- Source material
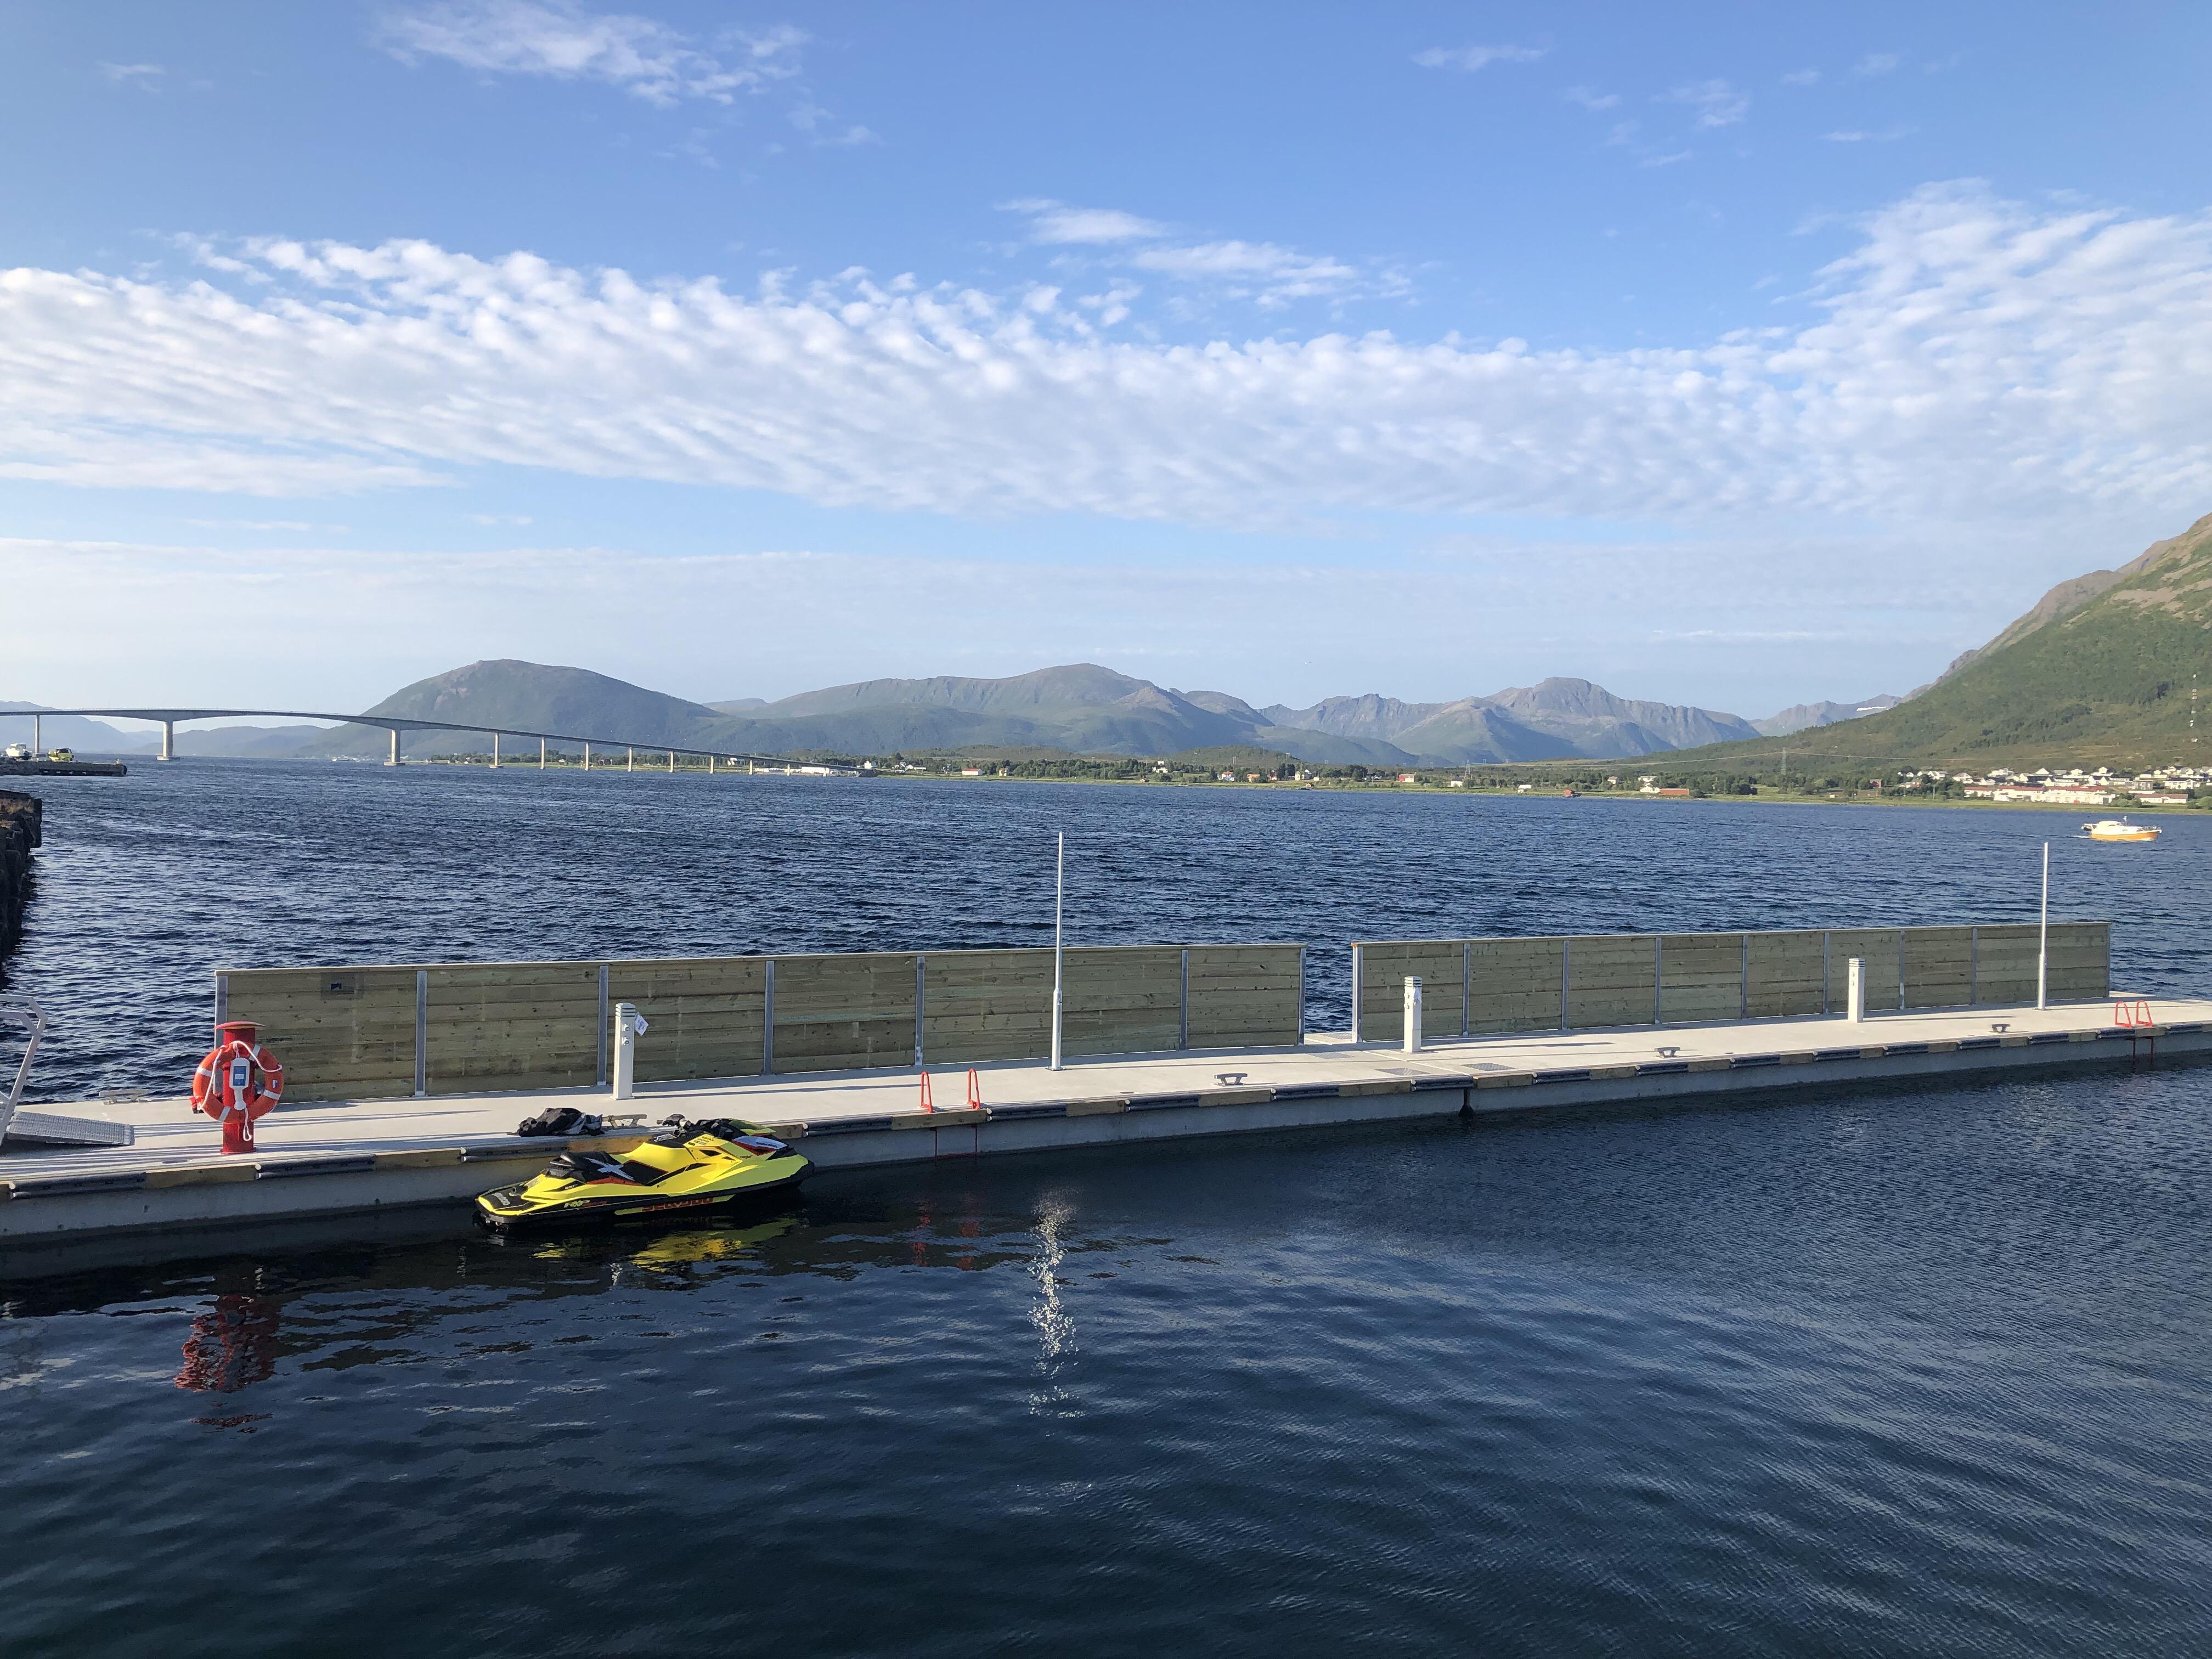 https://marinasolutions.no/uploads/Flytebrygger-Sortland-Torghuken-2.JPG
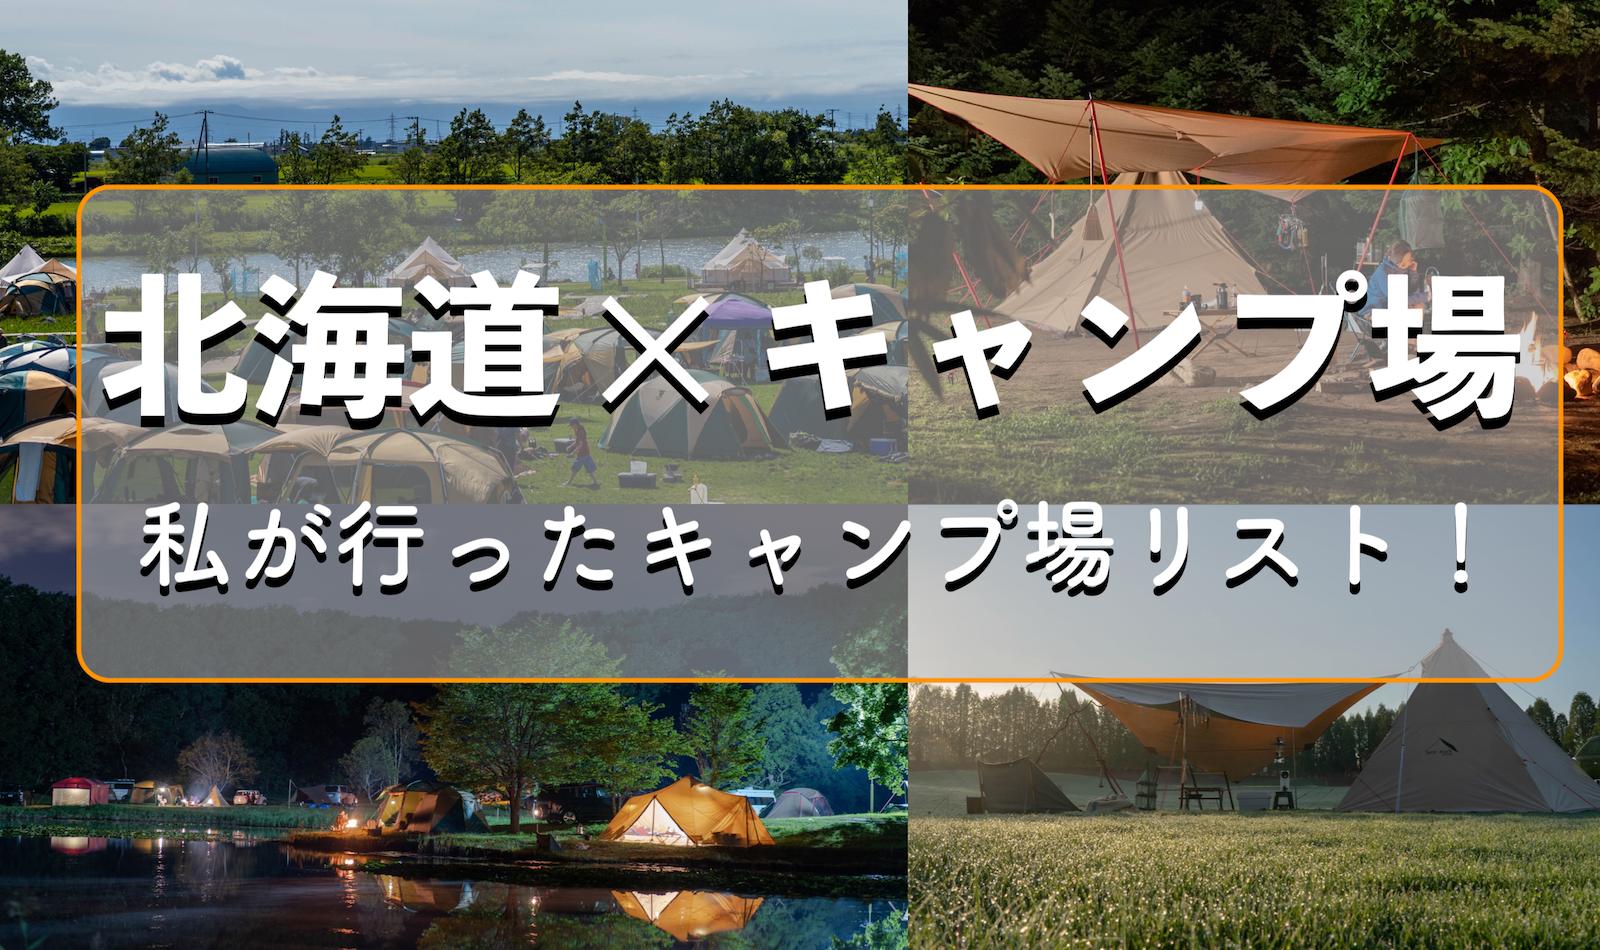 場 キャンプ 白樺 内 岩尾 湖
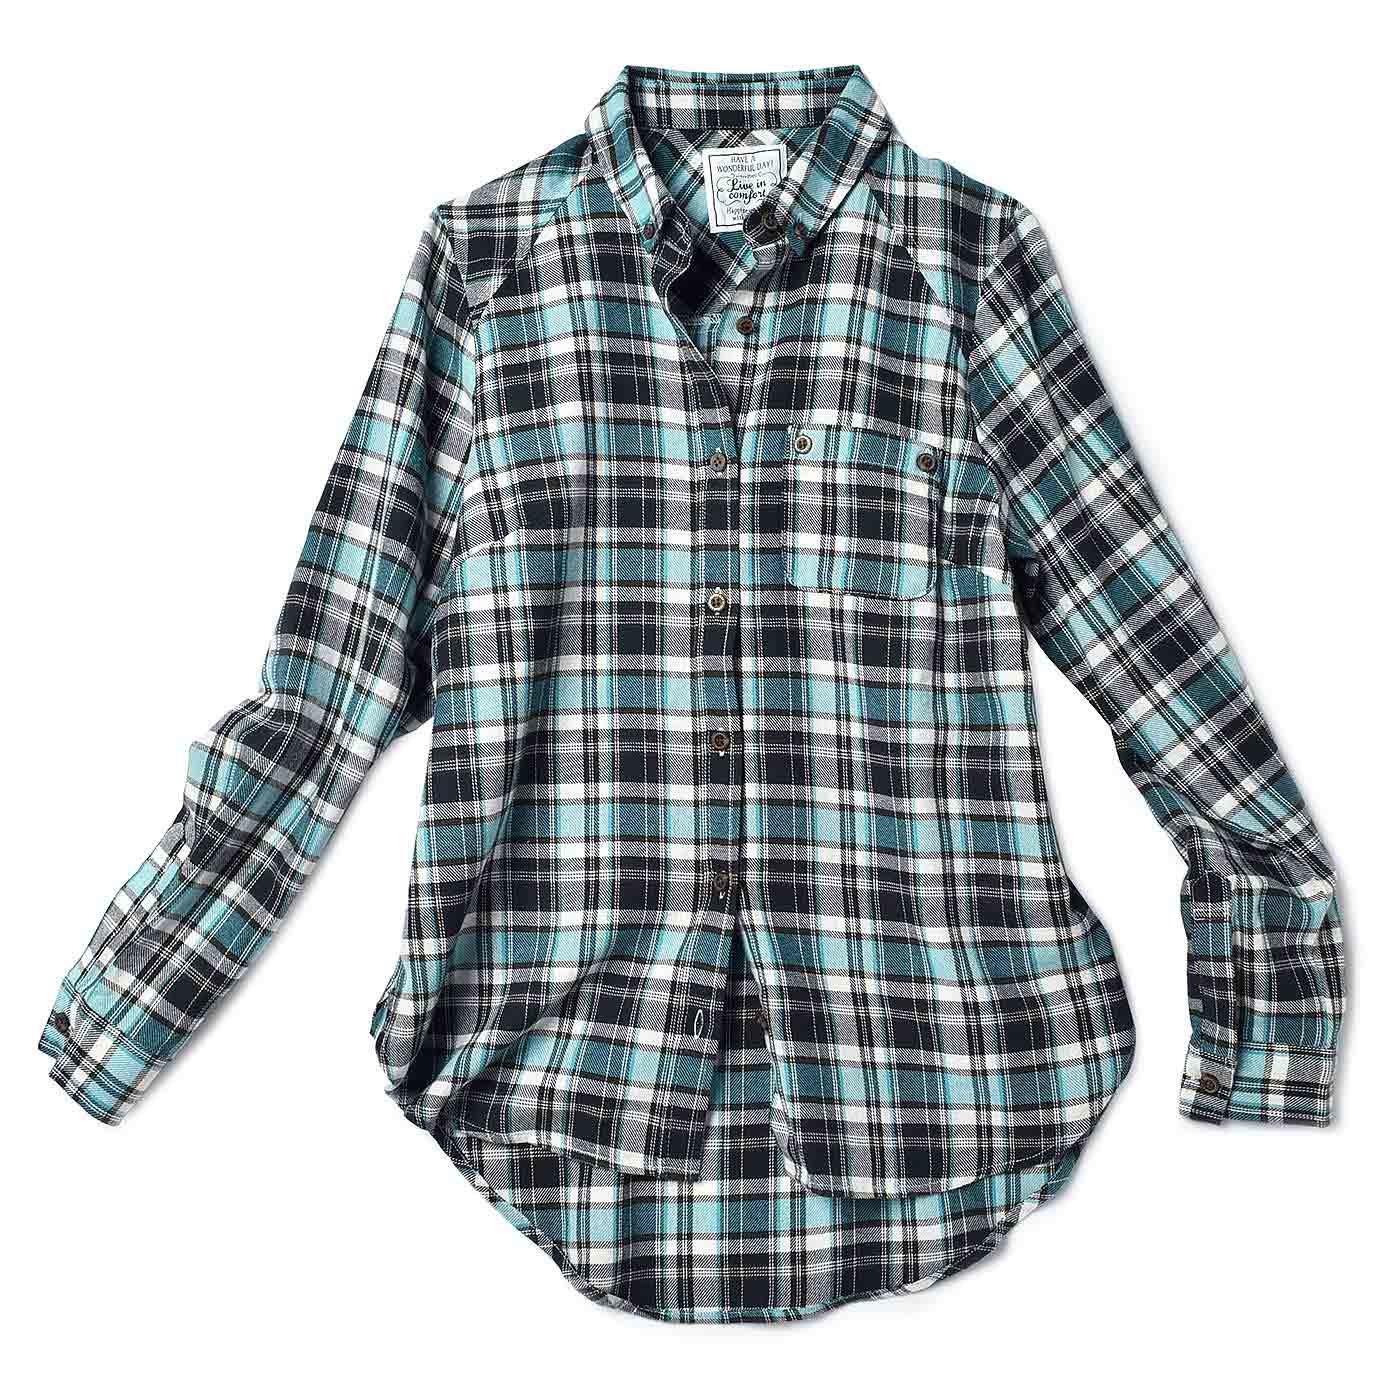 リブ イン コンフォート 後ろ長めがポイント! 使えるチェックシャツ〈ライトブルー×ブラック〉

- Required work
Omit every picture, then repeat the remaining data exactly as it appears above.

- Output
 https://marinasolutions.no/uploads/Flytebrygger-Sortland-Torghuken-2.JPG
 場 キャンプ 白樺 内 岩尾 湖
 リブ イン コンフォート 後ろ長めがポイント! 使えるチェックシャツ〈ライトブルー×ブラック〉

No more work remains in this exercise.